1003  - FIX allocations aren't failing when we run out of free space
1004  - FIX df doesn't agree with du.
1005
1006  problem:
1007    Truncate when an index block has addresses in uninc_table.
1008      The summary for the new address has already been performed.
1009      We need to deallocate the new without disturbing the old.
1010      However a simple allocation may not be possible.
1011      I guess we can prune them all to zero, then incorporation
1012       can proceed.
1013
1014  TOFIX: when truncating a recently created file, it is still depth=0 so
1015     nothing happens.
1016     We really need to increase the depth to 1 as soon as we dirty
1017     any block, then reset back to 0 if it fits.
1018
1019 26Feb2008
1020   We have a file that we have written to, and the data blocks have been
1021   written out and the addresses stuck in uninc_table.
1022   We then truncate the file.  Who releases the usage of those blocks?
1023   And who removes them from uninc_table?
1024
1025   OK, 'rm' returns all the blocks back now so 'df' is almost the same as 'du'.
1026   I really should make sure that inodes are getting freed properly and the
1027   inode map is clean and everything.
1028
1029   BIG QUESTION
1030     Do we reserve segment-usage blocks.
1031      We cannot do it naively as we get infinite recursion.
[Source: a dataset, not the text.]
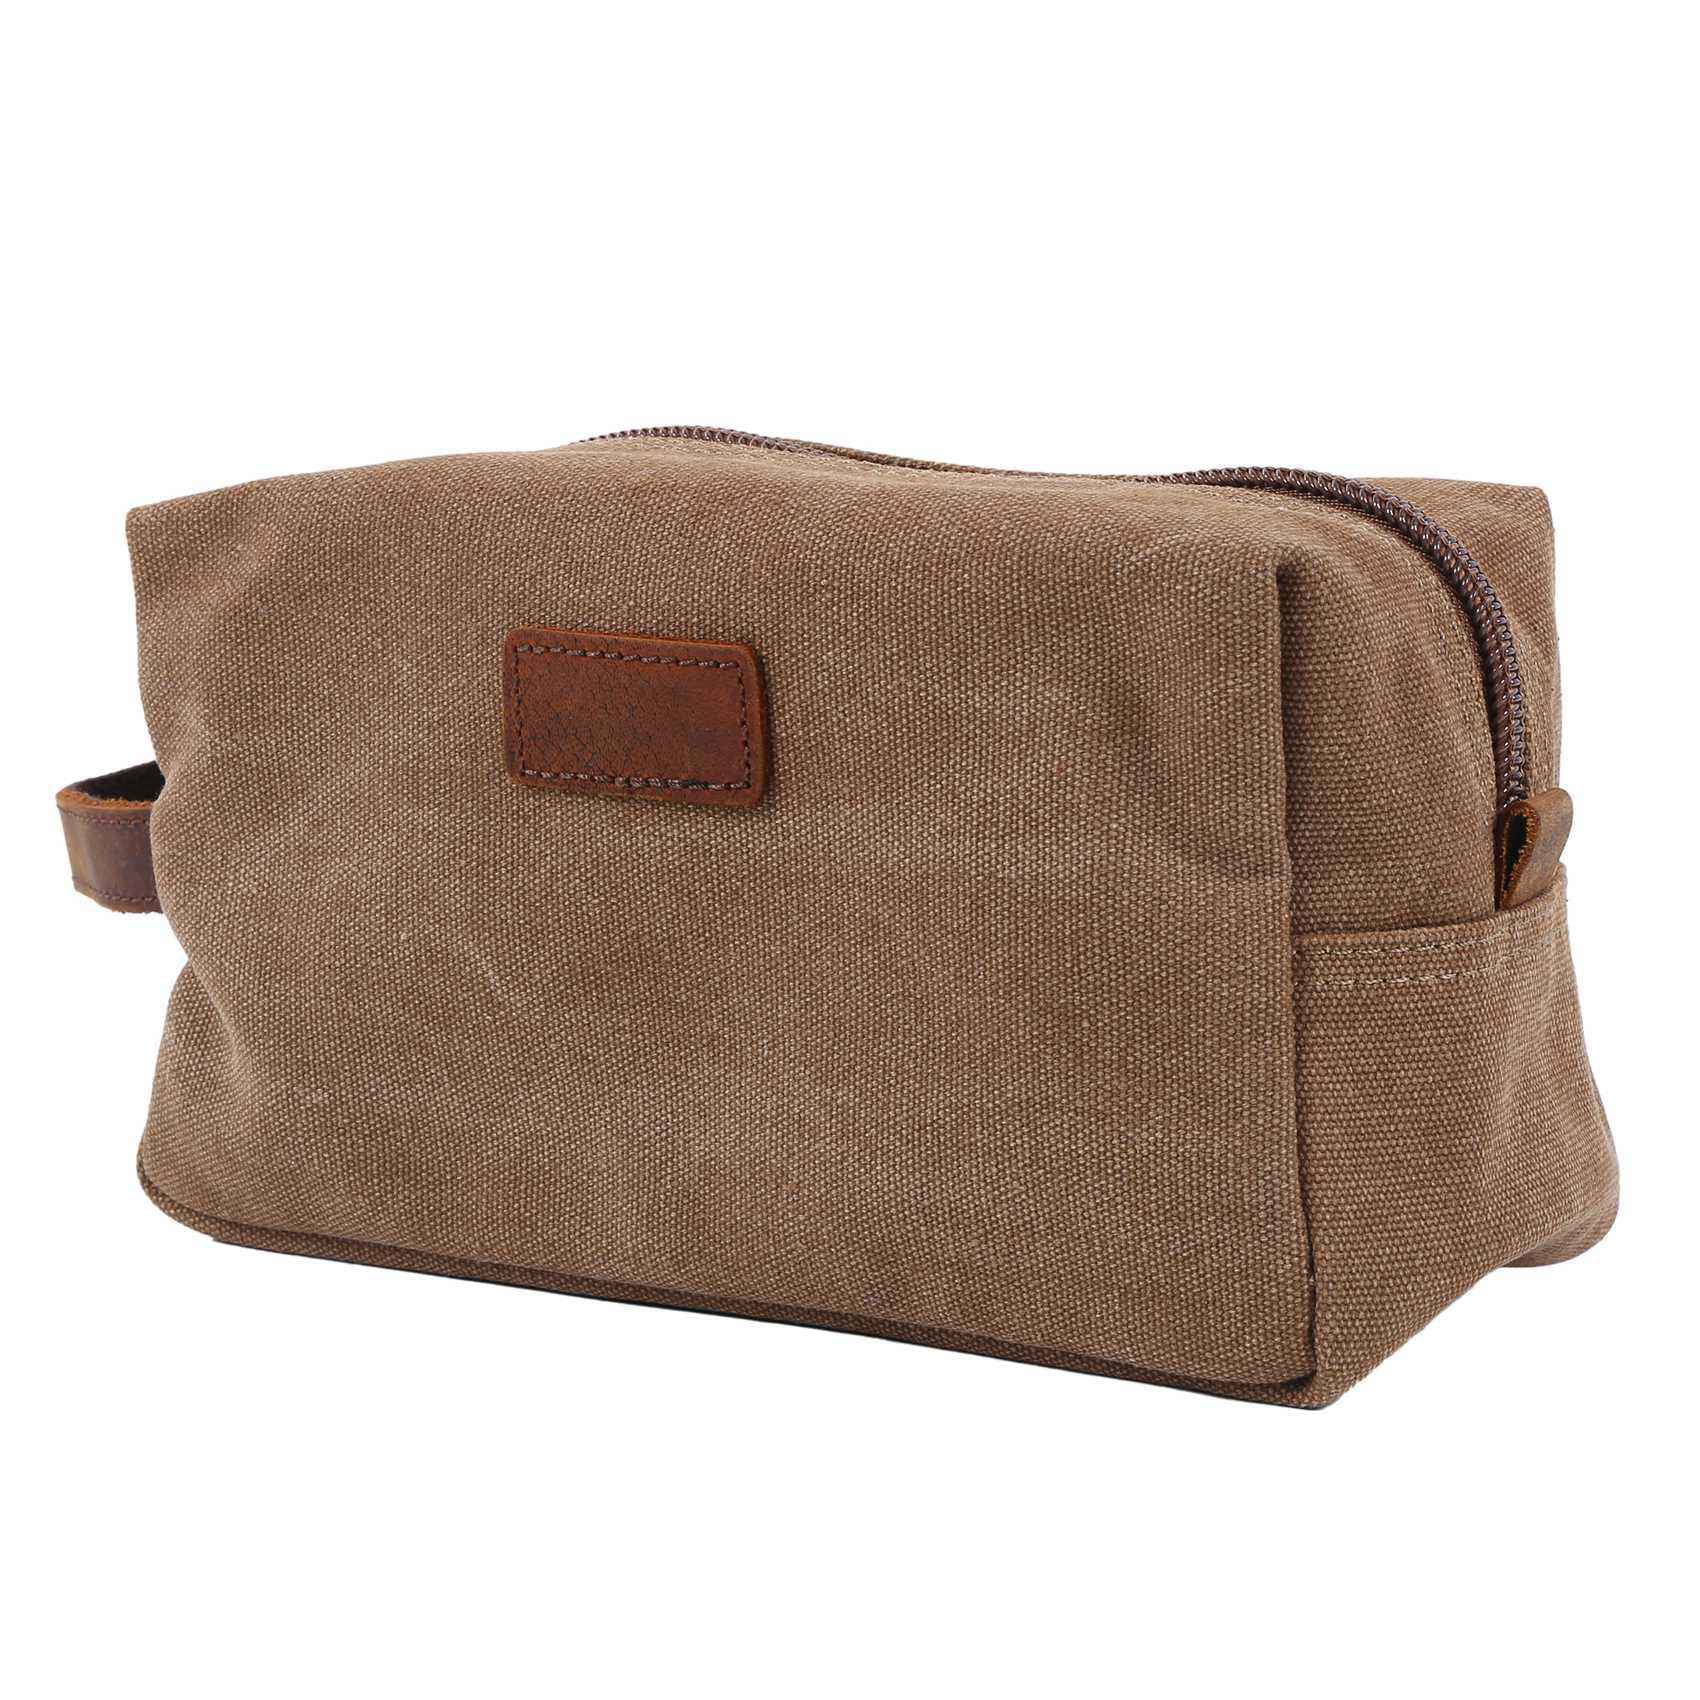 Check Canvas Toiletry Bag Luisaviaroma Men Accessories Bags Toiletry Bags

1032      But we need it to be allowed to dirty the segment block.
1033      But we cannot pin them to this phase as we want to write them out
1034      after this phase
1035      This still needs more thought.  I avoided the recursion by setting SegRef
1036      before getting the ref.  But that isn't safe.
1037
1038 28Feb2008
1039   The table of cleanable segments is not working out.  Each segment appears multiple
1040   times which wastes space and adds confusion.
1041   We really want to be able to lookup by dev/seg and also find the least.
1042   'Find least' sounds like we want a heap but then we cannot discard the bottom half.
1043
1044   We could have a skiplist for dev/segment lookup and do a merge-sort on
1045   a different link when we want to find the best segment.
1046   We then remember the best number found since a sort, and re-sort if the top
1047   is worse than the best.
1048
1049   We keep all this in a fixed size table.  Each entry has
1050    seg,dev,usage,weight,weight-sort-link,addr-sort-link and possibly some
1051       addr-sort-skip links.
1052    This is 32+32+16+16+16+16 bits, or 16 bytes or bigger.
1053    Say 16bytes, 24bytes, or 32 bytes. (depth 8, which is plenty).
1054    One page of 16byte entries (256 of them)
1055    2/3 page of 24byte entries, 1/3 of 32byte entries.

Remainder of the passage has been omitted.